In a Tweet, he said: “So sorry to hear of the passing of the quite brilliant Sylvie Gatrill. Such a talented actress who was so important in helping set the tone of The Responder.

“She was a powerhouse in Liverpool.” Adding that she ‘crackled with energy’, he went on: “She’ll be much missed!”

But he was not alone in heaping praise on the actress and director.

Chris Tomlinson, theatre director and Associate Director of Young Everyman & Playhouse (YEP) said: “I don’t think I’ve ever met anyone quite like this woman, in all my time in Liverpool. Hope Street will be a much quieter place without you.”

Actress and presenter Leanne Campbell called her an ‘absolute queen’ and remembered: “I met her at 12.

“She bounced into rehearsals … late, arms full of toasted tea cakes and jam. She never changed thank God. Always carefree and on her own path.
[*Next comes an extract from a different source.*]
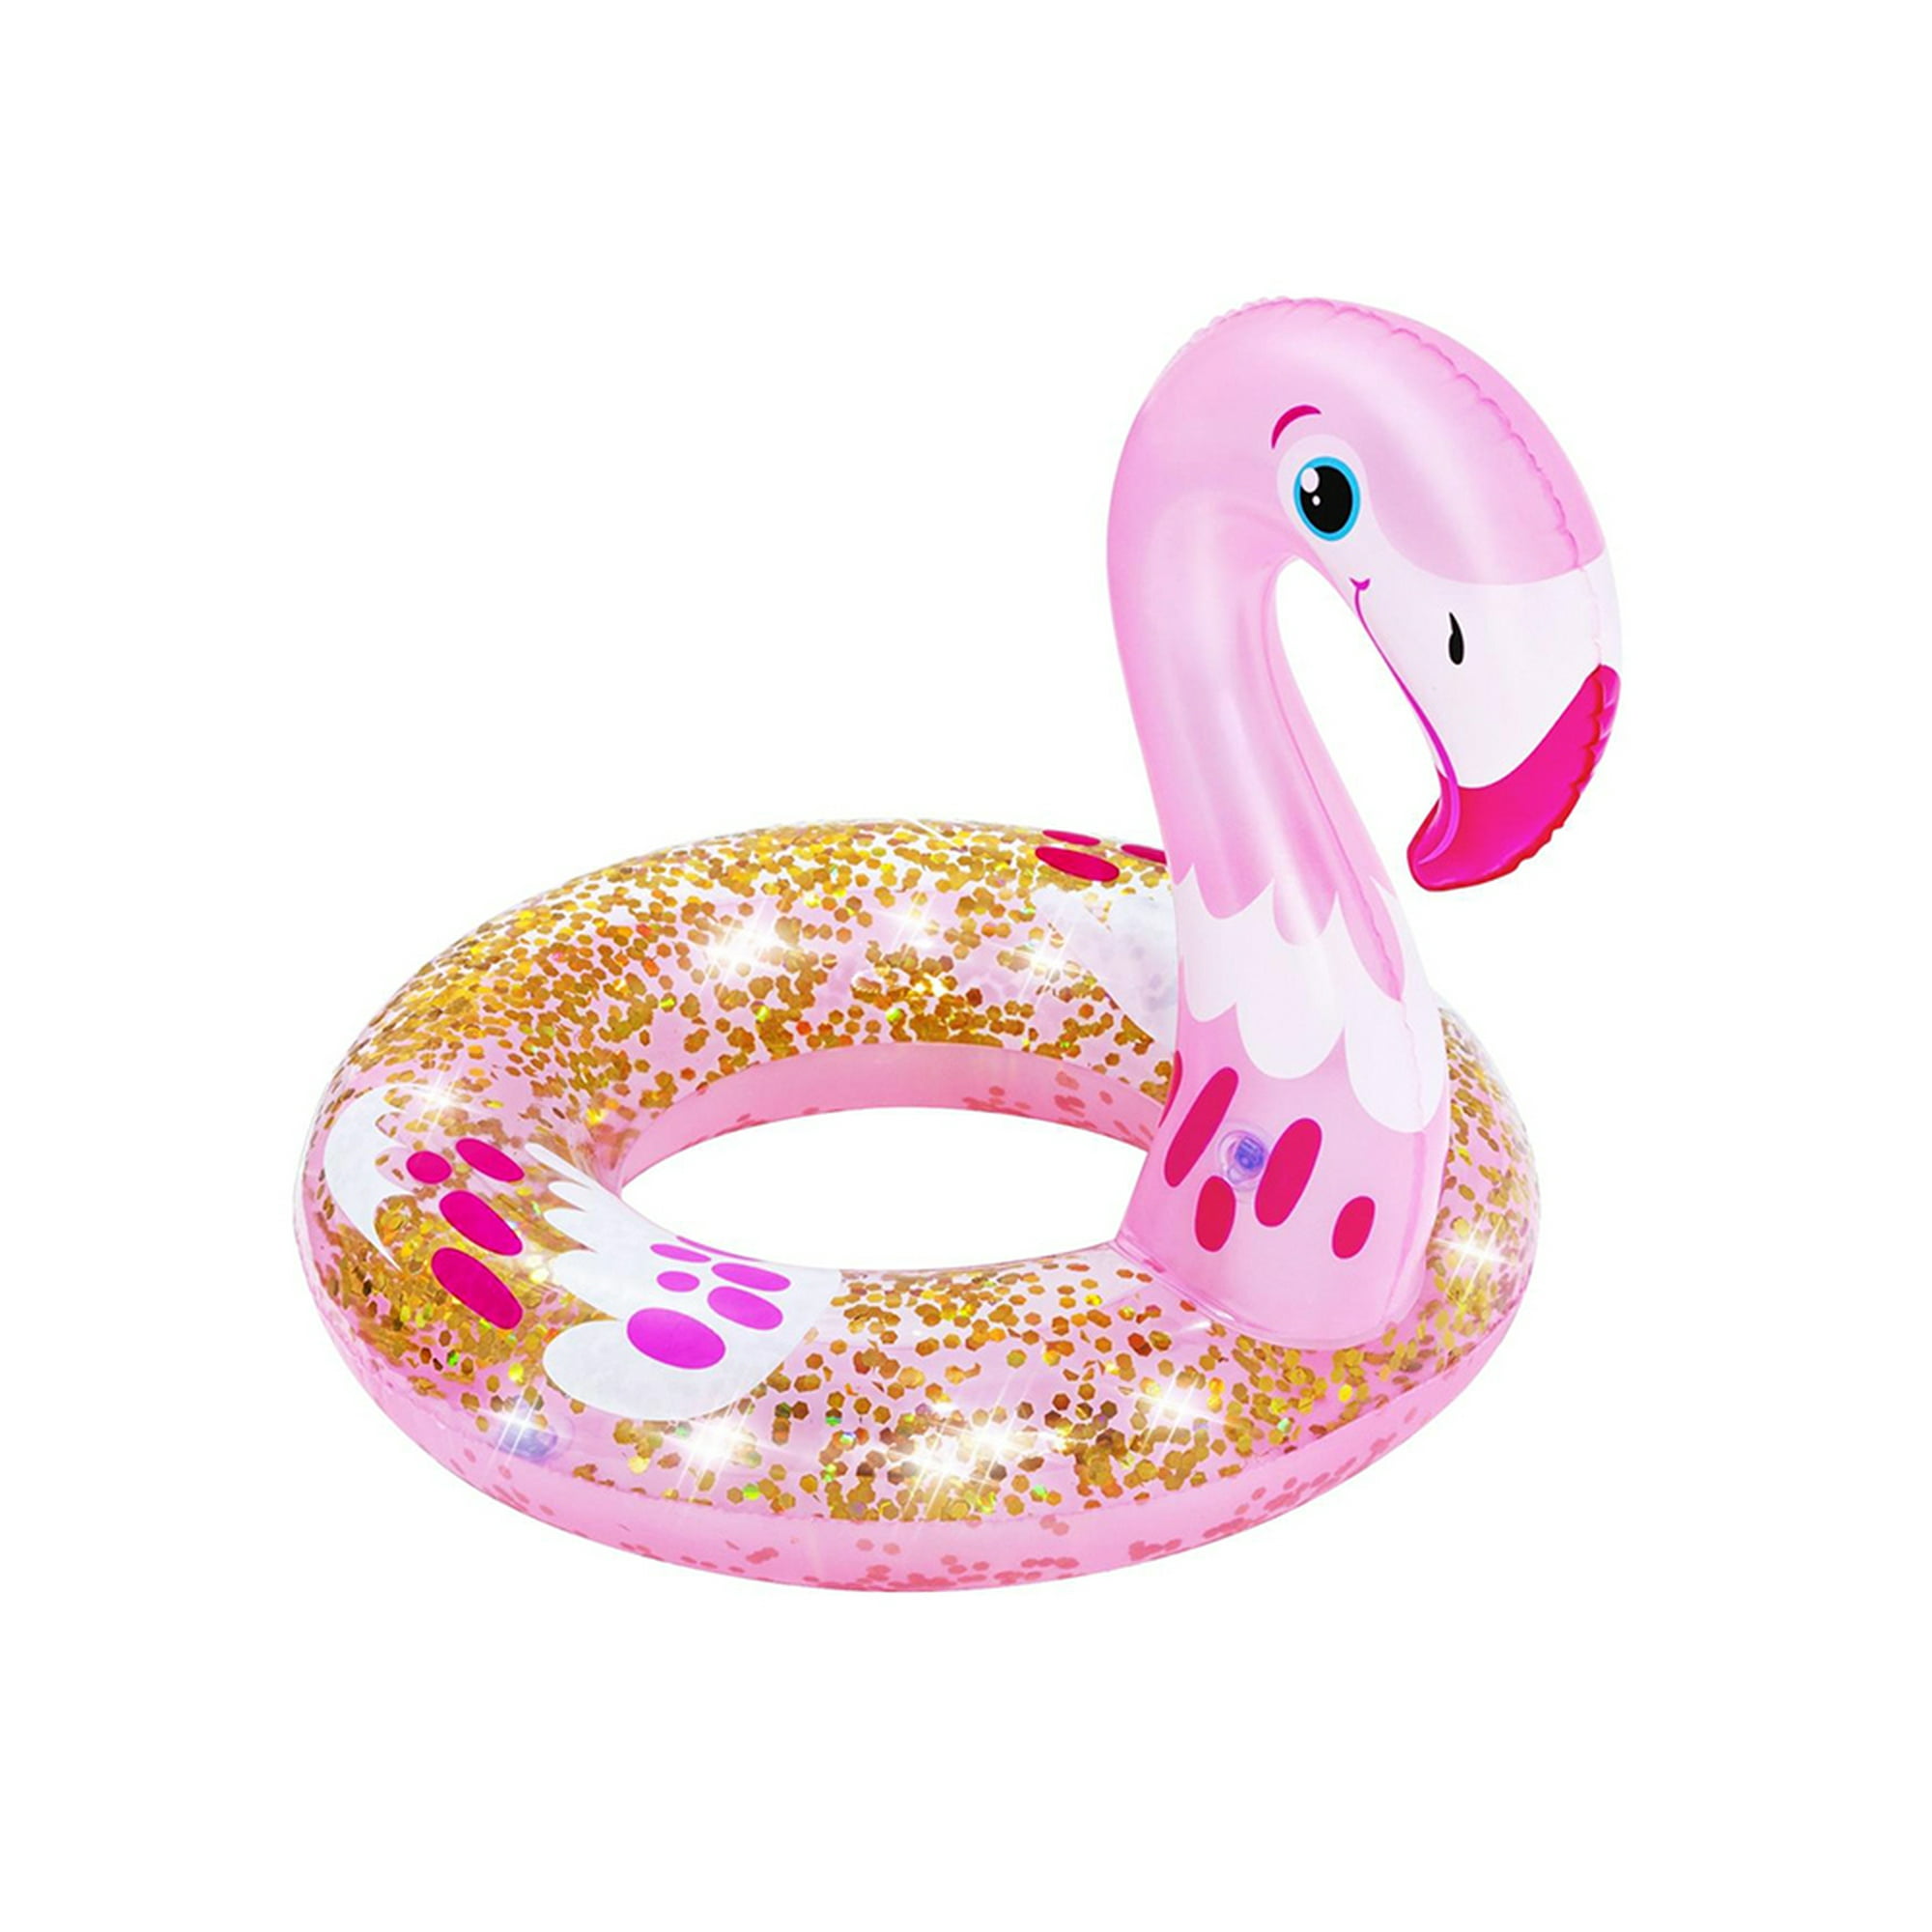 Salvadanaio Contamonete Fantasia Flamingo

One of life’s best characters.”

Regal Entertainments’ Jane Joseph had known and been friends with Sylvie for more 50 years, and said it was with ‘great sadness and a heavy heart’ that she revealed the passing of Sylvie in the arms of her husband, Steve.

Paying a heartwarming and poignant tribute, Jane said: “This beautiful woman, both inside and out, was a wonderful and sincere friend to me. Always the most quirky of people, Sylvie was unique in every way, dressing in a style she made her own. 

“We loved her for her thick mane of strawberry blonde hair, dressed up in plaits and ponytails in styles that were amazingly self-invented. Sylvie directed in a style of her own too – it wasn’t unusual to see her laying on the floor to see things ‘from a different angle and to check her auditorium sight lines’.

“I will miss my long afternoon chats with her putting the world to rights and reminiscing about our wonderful days back at Shelagh Elliott Clarke together, but most recently trying to support and comfort her throughout her darkest moments of worry about her illness that she kept so private and only those most close to her knew about.”

Jane said Sylvie was an accomplished singer, dancer and talented actress, ‘at one point she was never off our TV screens!’, and she added: “I will miss her with every inch of my heart.”